Как рассказывает в исследовании «Дар Рубенса» бельгийский академик Мишель Овер, в 1634 году великий художник похвалялся своими успехами на дипломатическом поприще: «Я провел переговоры высочайшей важности к полному удовлетворению как отправивших меня, так и второй стороны». Однако в основе его успеха дипломата и придворного лежало не что иное, как художественное дарование. Так, если в 1627 году Филипп IV писал правительнице Испанских Нидерландов Изабелле, что участие ее придворного художника Рубенса в составе дипломатической миссии в Англии - «большое неуважение к этой монархии», но уже в 1629-м он сам отправил Рубенса в Лондон. Испанский двор пришел к заключению, что, «благодаря личным качествам, его благопристойному поведению и уму, а также профессии художника, он сможет добиться высокой степени близости к большому ценителю живописи [королю Карлу I], что может оказаться весьма полезным» Филиппу IV.

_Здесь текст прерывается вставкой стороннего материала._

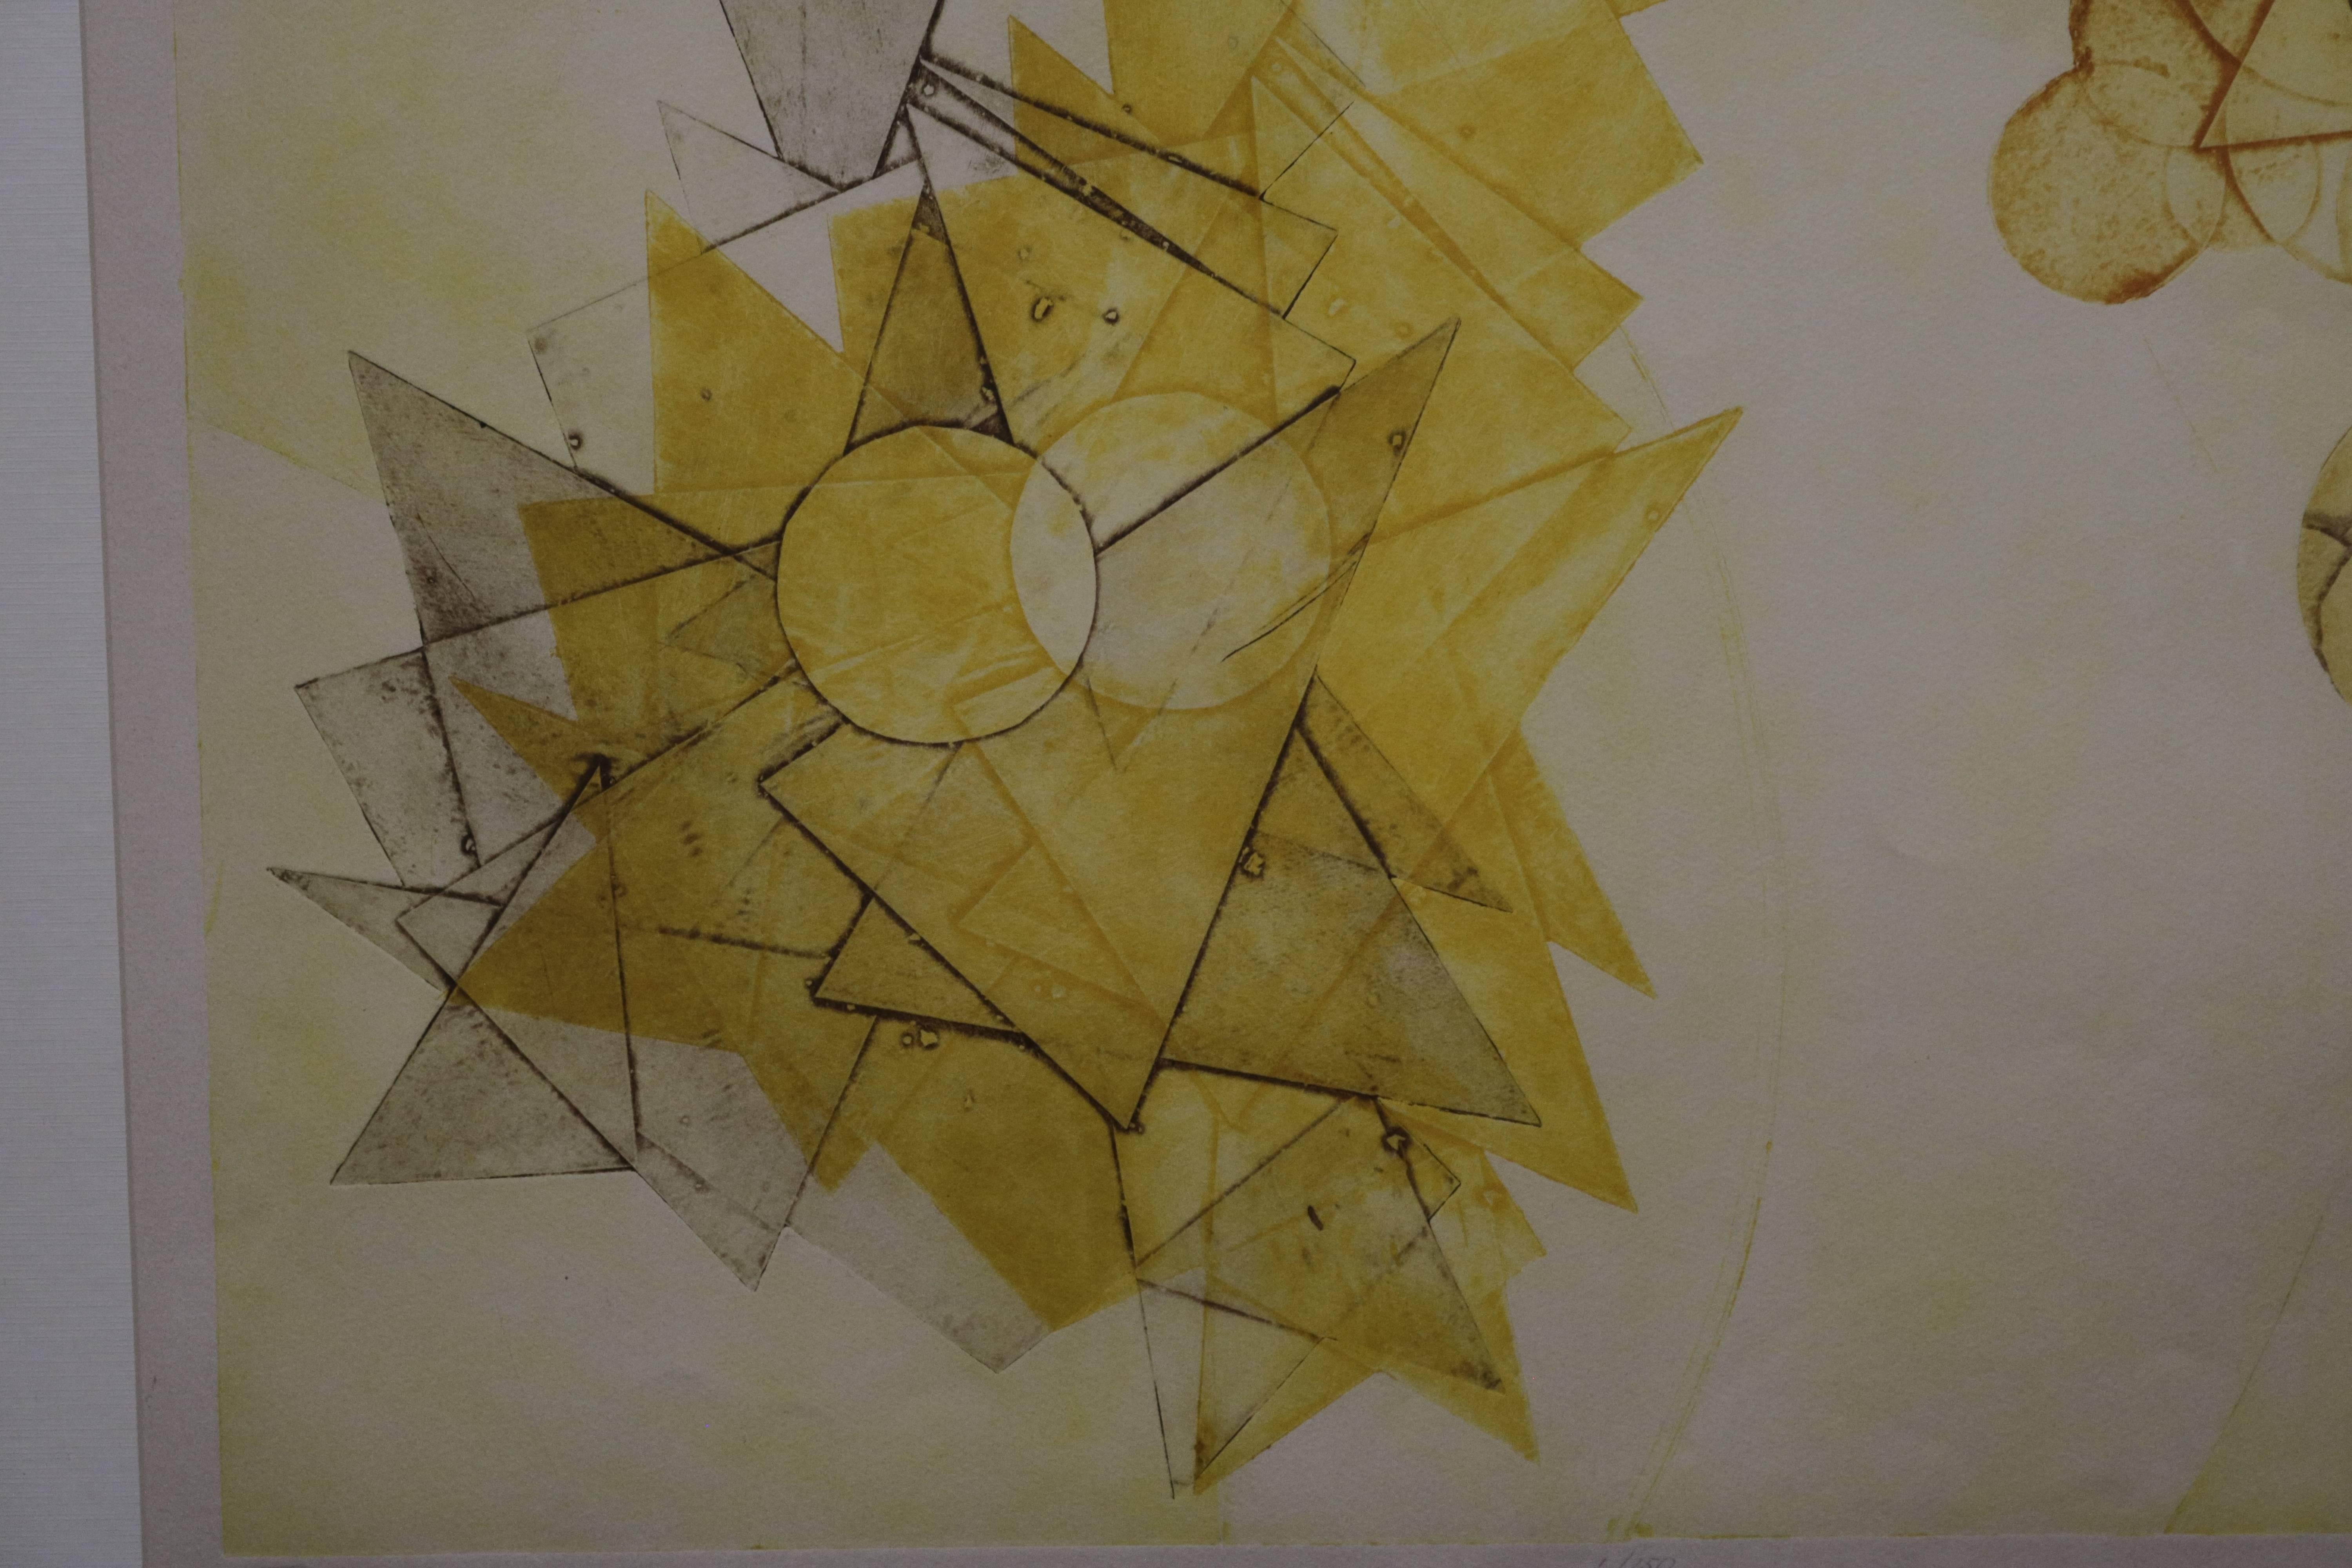 Framed lithograph of geometric forms in yellow and brown. Numbered 1/150 and signed by the artist.

Овер убедительно демонстрирует, что испанская монархия отправила Рубенса ко двору Карла I в качестве своеобразного подарка королю. Рубенс мгновенно обворожил Карла, который давно восхищался им как художником и за много лет до их встречи даже приобрел его автопортрет. Самим своим присутствием, а также созданием таких стратегически важных полотен, как подаренная Карлу аллегория мира «Минерва защищает мир от Марса» (1629-1630), Рубенс способствовал достижению дипломатических целей Испании.

«Искусство к тому времени уже обладало дипломатическим значением, но Рубенсу удалось поднять его на новый уровень, - говорит директор Палаццо Строцци во Флоренции и куратор выставки Рубенса в Королевской академии художеств в 2015 году Артуро Галансино. - И совершенно невероятно, что Рубенс сделал это при помощи спецэффектов. Бесспорно, он был изобретателем международного барокко. Он создал изобразительный язык, который понимали во всех уголках континента… Это был официальный визуальный язык целого политического поколения».

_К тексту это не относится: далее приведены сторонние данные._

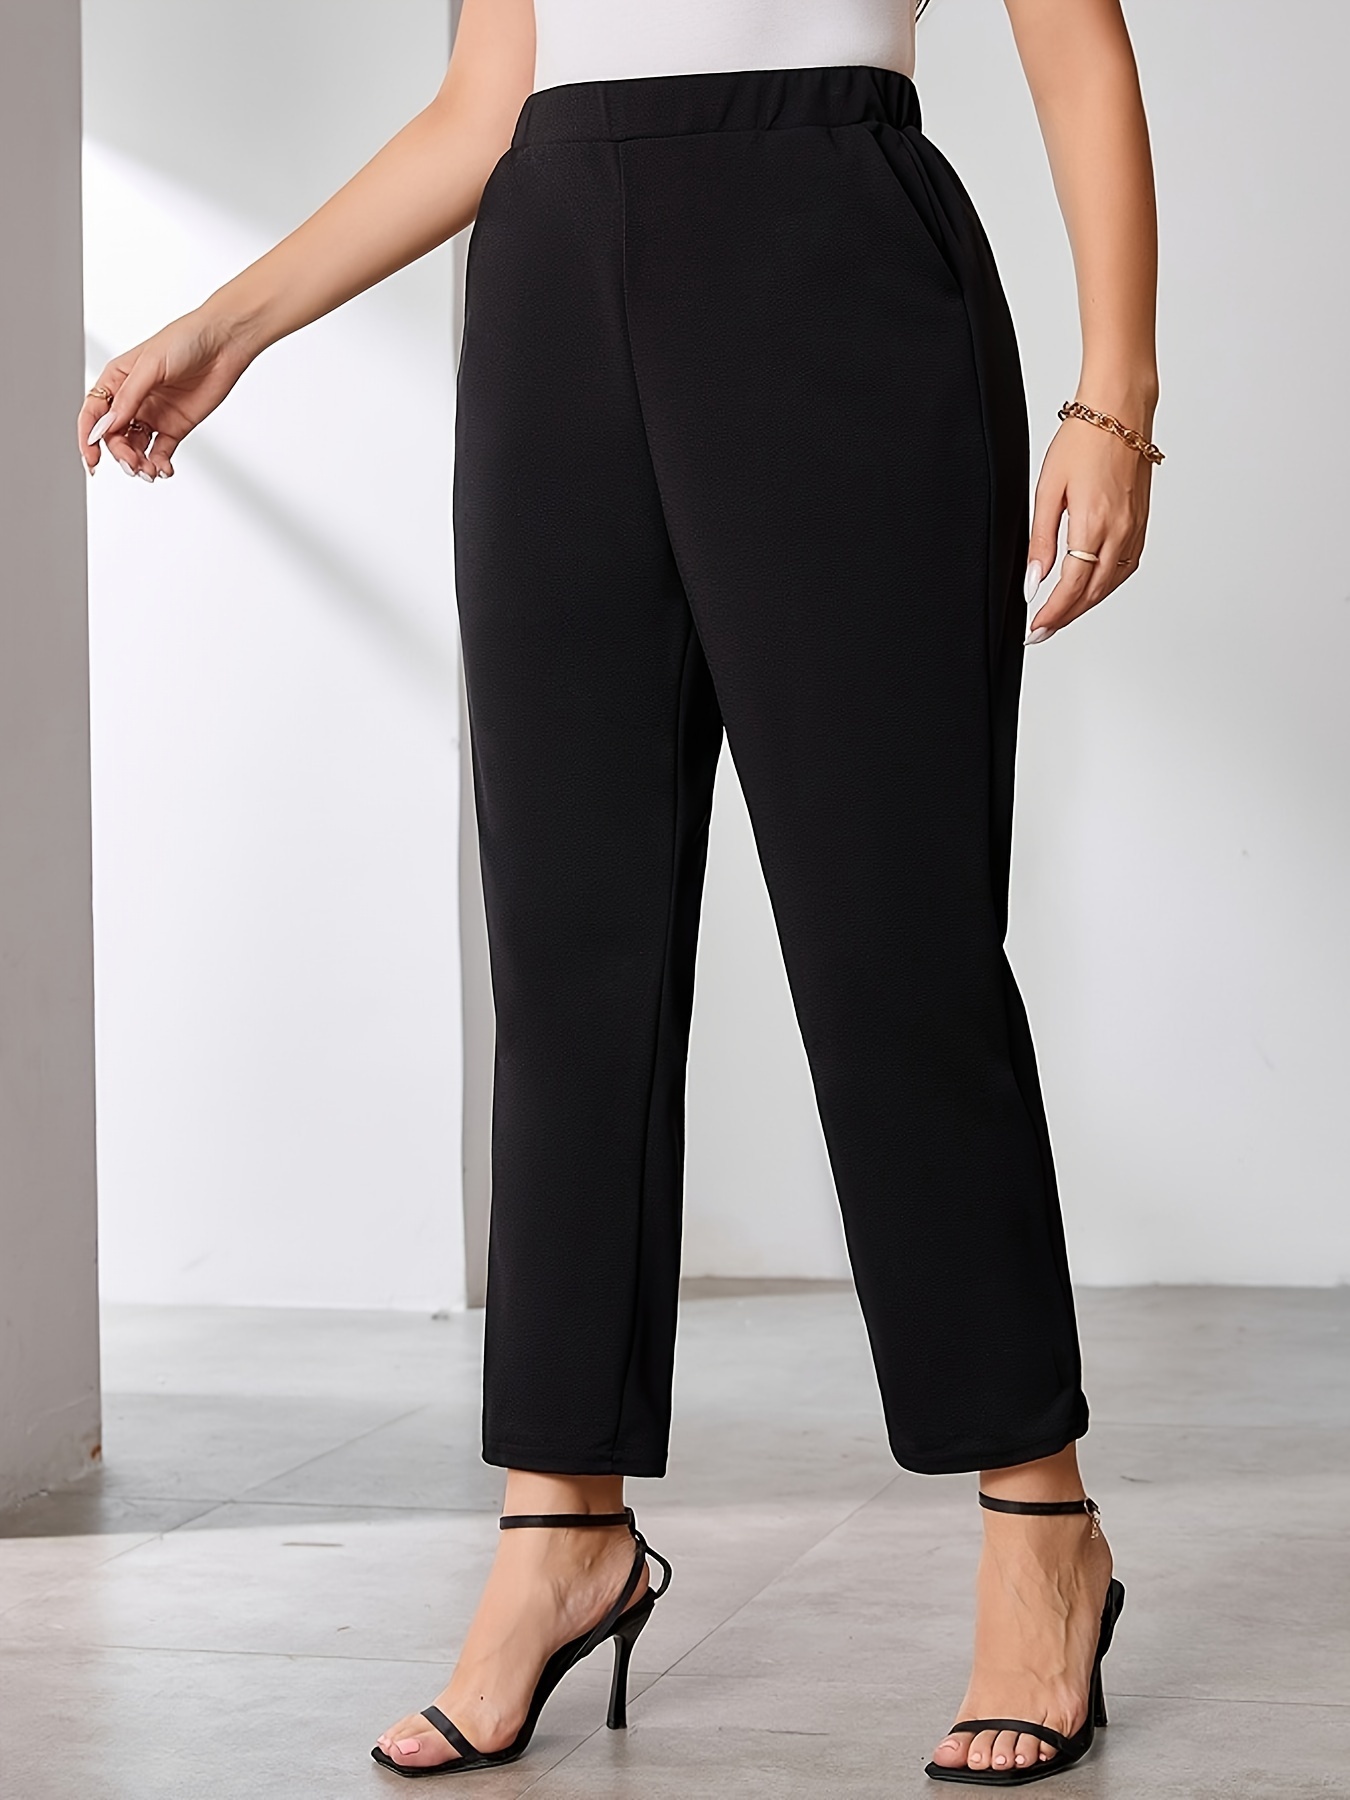  Business Casual Pants For Women Stretch High

Играть двойную роль Рубенсу помогала его мастерская. Галансино сравнивает ее со студиями-фабриками художников нашего времени. «Личность Рубенса ставит под сомнение наши романтические предрассудки, связанные с природой авторства, и заставляет переосмыслить наши представления обо всех этих марках, этикетках и подписях, - говорит он. - Самое важное для искусства того времени, да и для современного искусства, - это идея, а у Рубенса идеи были. Прежде всего, у него была образная система - архив рисунков, которые он использовал по много раз; затем - большой талант в искусстве композиции, позволявший ему использовать эти идеи по-разному. И наконец, талант организатора: он поручал различные задачи разным художникам и группам художников. В чем-то он был похож на современного кинорежиссера».



Диего Веласкес. «Менины», 1656
Веласкес: шедевры гофмейстера
В 1620-х годах с Рубенсом познакомился молодой художник при мадридском дворе Диего Веласкес. По словам Джонатана Брауна, личная встреча с великим художником, коллекционером, дипломатом и гуманистом сформировала «идеал художника-придворного» Веласкеса. Живопись для него, по мнению исследователя, «была дорогой, которая вела вверх к заветной цели - считаться благородным господином». «Он получал все новые должности, и его не связанные с искусством обязанности становились все шире и шире. Его придворная карьера достигла пика в 1651 году, когда он был назначен на должность гофмейстера… В каком-то смысле живопись стала препятствием на пути к достижению его целей как придворного. Поэтому в последние 20 лет жизни его продуктивность резко снизилась».

Должность гофмейстера, управляющего двором, представляла собой «что-то вроде облеченного большой властью консьержа», отмечает Браун. Веласкес не только выполнял обязанности куратора придворной коллекции, приобретая в нее новые произведения искусства, но и отвечал за вещи, абсолютно не вяжущиеся с образом гениального живописца. К примеру, за поставку льда во дворец. «В те времена был такой способ контролировать температуру воздуха в помещениях: от горных ледников откалывались гигантские глыбы, которые затем доставлялись во дворец и хранились в подвале, а летом использовались для охлаждения», - пишет историк искусства.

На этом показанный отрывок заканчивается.